VI. Remedies Commonly Awarded
Adjustment of purchase price consistent with contract methodology
Interest or late payment for delayed adjustments
Appointment of independent accounting experts to recalculate disputed items
Partial reimbursement of arbitration costs
Enforcement of procedural remedies (e.g., supplemental disclosure or documentation)
Punitive damages are rarely awarded unless fraud is proven.

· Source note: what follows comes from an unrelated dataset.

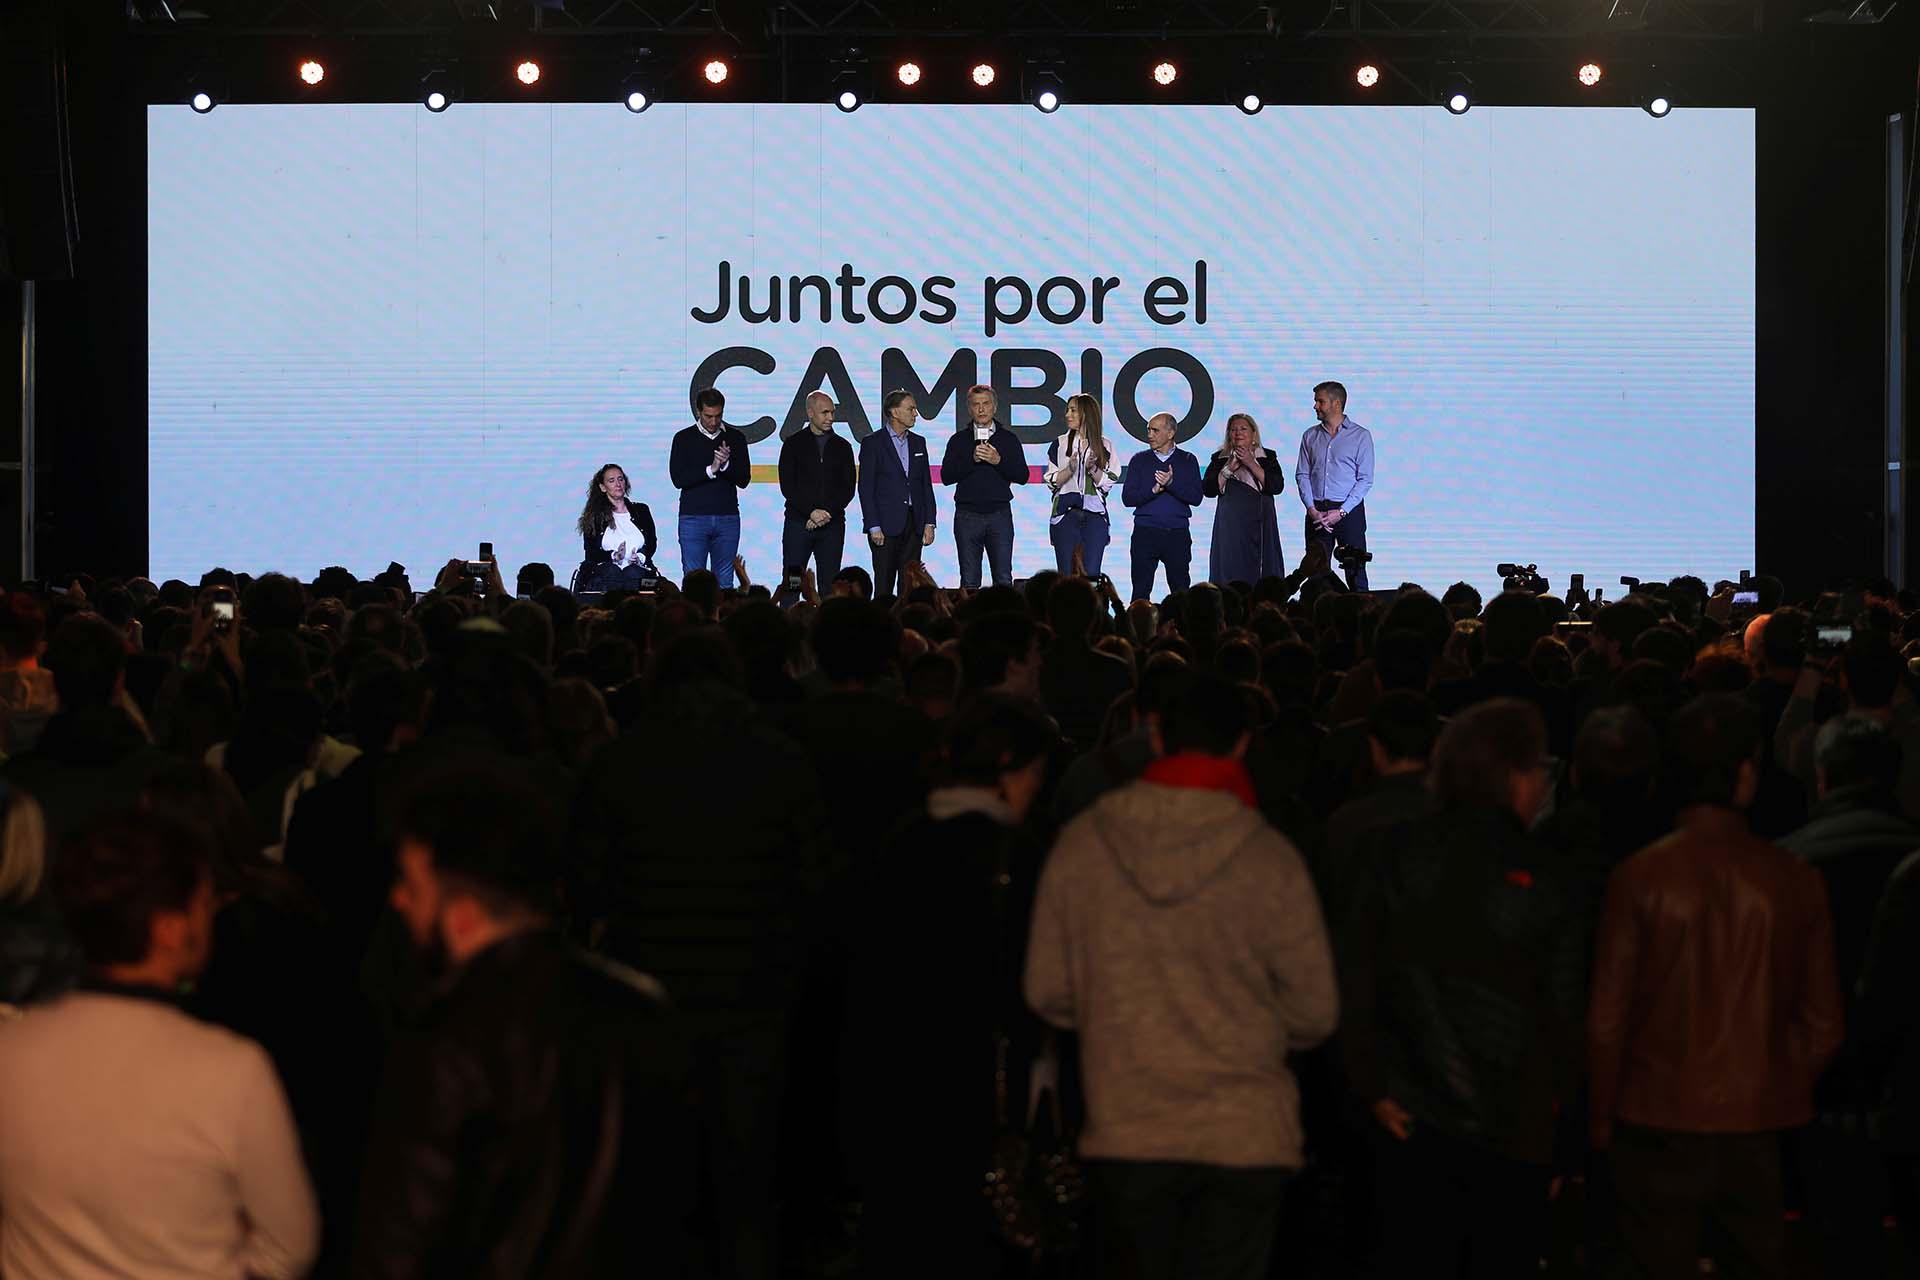 Esta vez, en el búnker de Juntos por el Cambio no hubo globos ni música para bailar (REUTERS/Luisa González)

VII. Risk Allocation and Contractual Lessons
For Buyers
Clearly define working capital, net debt, and earn-out calculations
Include specific dispute resolution clauses and timelines
Require transparent supporting documentation
For Sellers
Maintain accurate books and records
Provide timely post-closing statements
Include contingency provisions to address disputes
For Arbitration Clauses
Define binding accounting and valuation standards
Specify procedural rules, deadlines, and expert appointment mechanisms
Include good faith obligations and clear remedies for non-compliance
VIII. Conclusion
Arbitration disputes over post-closing purchase price adjustments in U.S. mergers highlight the intersection of contractual interpretation, accounting methodology, and corporate governance. Lessons from precedent show that:
✔ PPAs must be calculated in strict accordance with contract definitions
✔ Arbitrators prioritize objective calculations, good faith, and procedural compliance
✔ Expert testimony is often critical for complex accounting or valuation issues
✔ Clear contractual drafting and timelines reduce the likelihood of prolonged disputes
As mergers and acquisitions increasingly rely on earn-outs and post-closing adjustments, arbitration remains the primary forum for resolving conflicts over purchase price disputes in a fair, enforceable, and confidential manner.